If that’s what they need to keep calm, so be it.

‘He didn’t do anything!’ Dora wails. ‘It was me! I did it,’ she says. ‘I killed him.’ She repeats it, seemingly mesmerised by the realisation: ‘I killed him.’

They repeat for her the caution that they have just recited to me.

‘He was coming for me,’ she says. ‘He was angry that I tripped the alarm. He had a gun. Mr Gant tried to help.’

I would have given anything for a pronoun at that moment. ‘Mr Gant’ screams teacher more loudly than a whiteboard and a desk. Police eyes hit me with new disgust.

‘Call my father!’ Dora commands. ‘Morris Keene. Call him. Call Chloe.’ She’s sobbing again.

‘Who?’ asks one of the police, the one who’d cuffed me.
God, they look like teenagers.
More sirens round the bend.

Dora pulls herself together, announcing herself imperiously. ‘My name is Dora Keene.

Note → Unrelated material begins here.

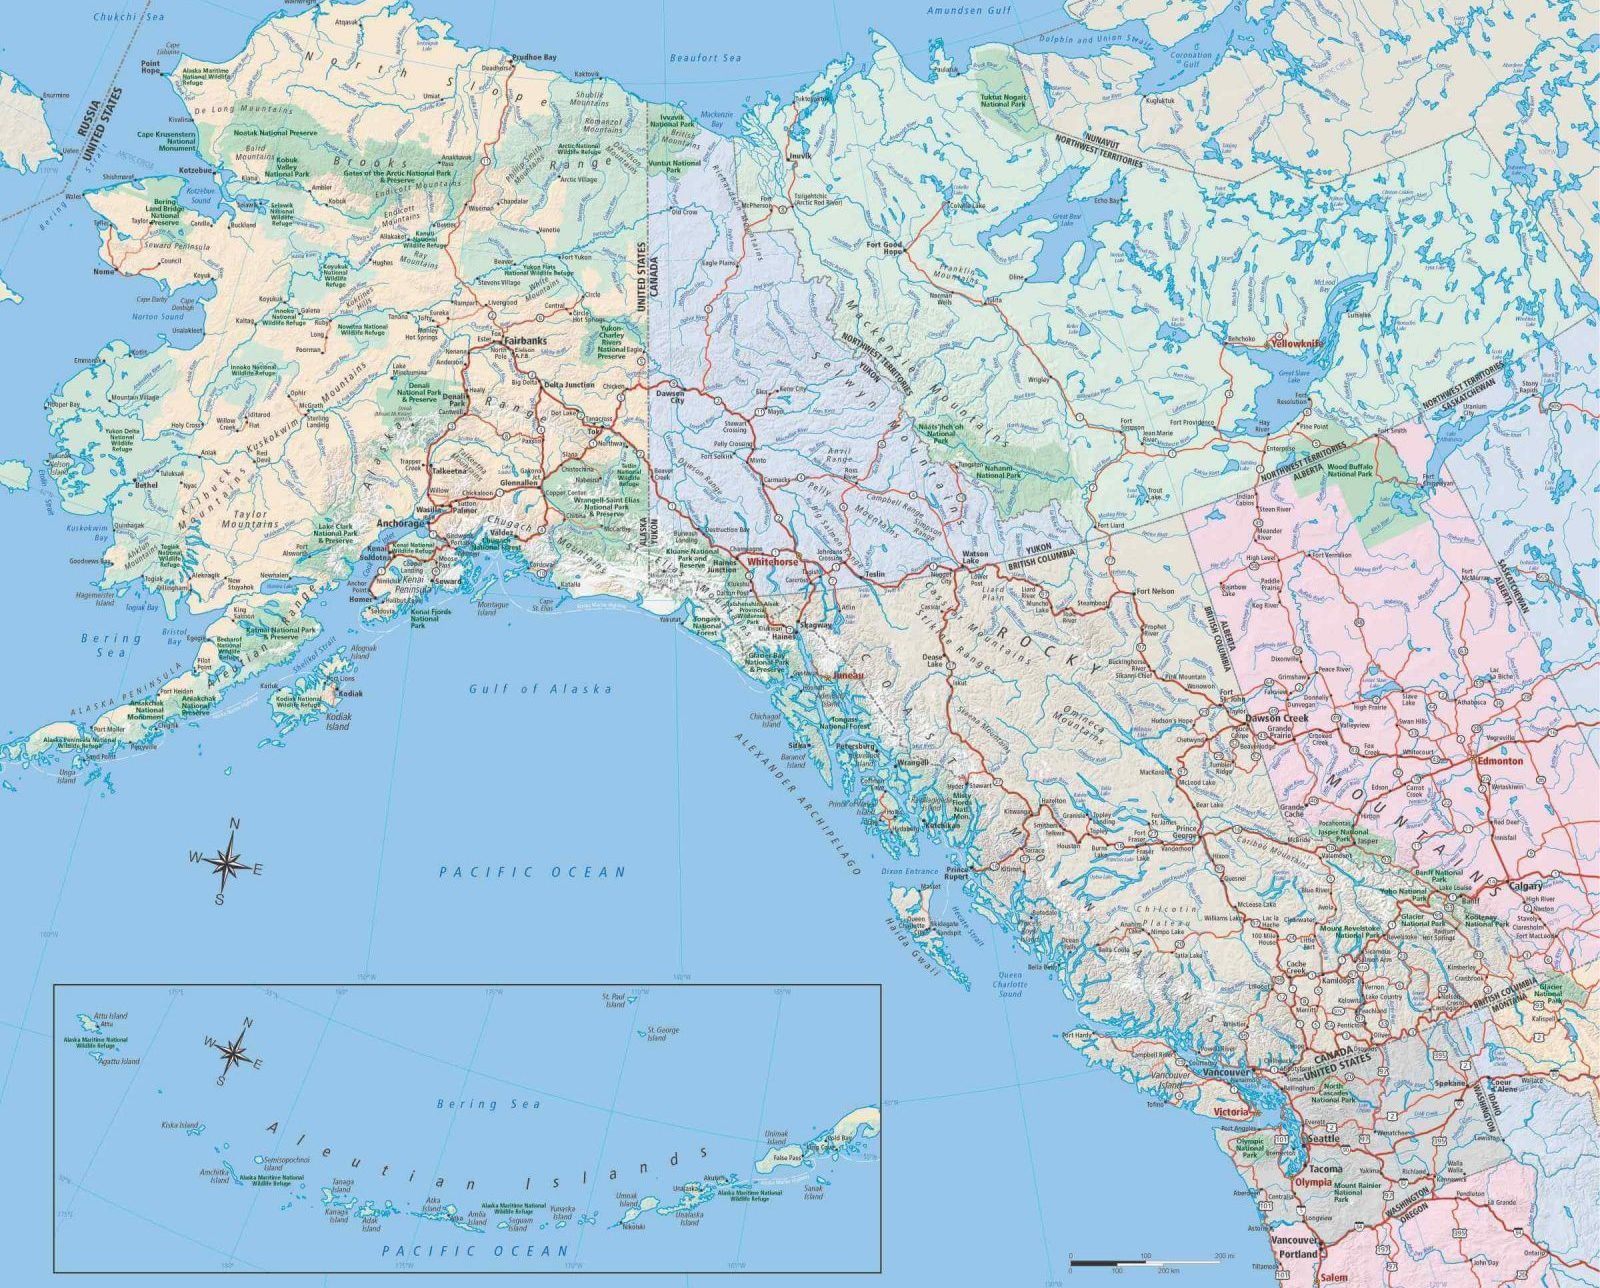 Map Of Alaska The Best Alaska Maps For Cities And Highways

Call Major Investigations. Detective Inspector Chloe Frohmann of Major Investigations. She’ll help me.’

If you’re the type to become a policeman, chances are that you don’t appreciate being told what to do, at least not by someone you’ve just cautioned. To my surprise, the man makes a show of the call, and, after some transfers, says ‘Detective Inspector Frohmann, I think you should get out here. We have two bodies, and a teenager who feels in a position to order you from off the menu. Dora Keene.’

The conversation doesn’t continue beyond the giving of the address, so apparently those were magic words.

More flashing lights. Dora and I are escorted out. The door hangs, as if off-track, but it’s more than that: the whole latching apparatus is hanging. A broken chain dangles, its still-closed padlock hanging on like a charm.

If he’s the one who locked her in, why did he have to shoot the lock to get in himself?
I wonder.

What if the dead man isn’t the one who imprisoned Dora? I eye the broken chain.

I think he was using the gun to get her out.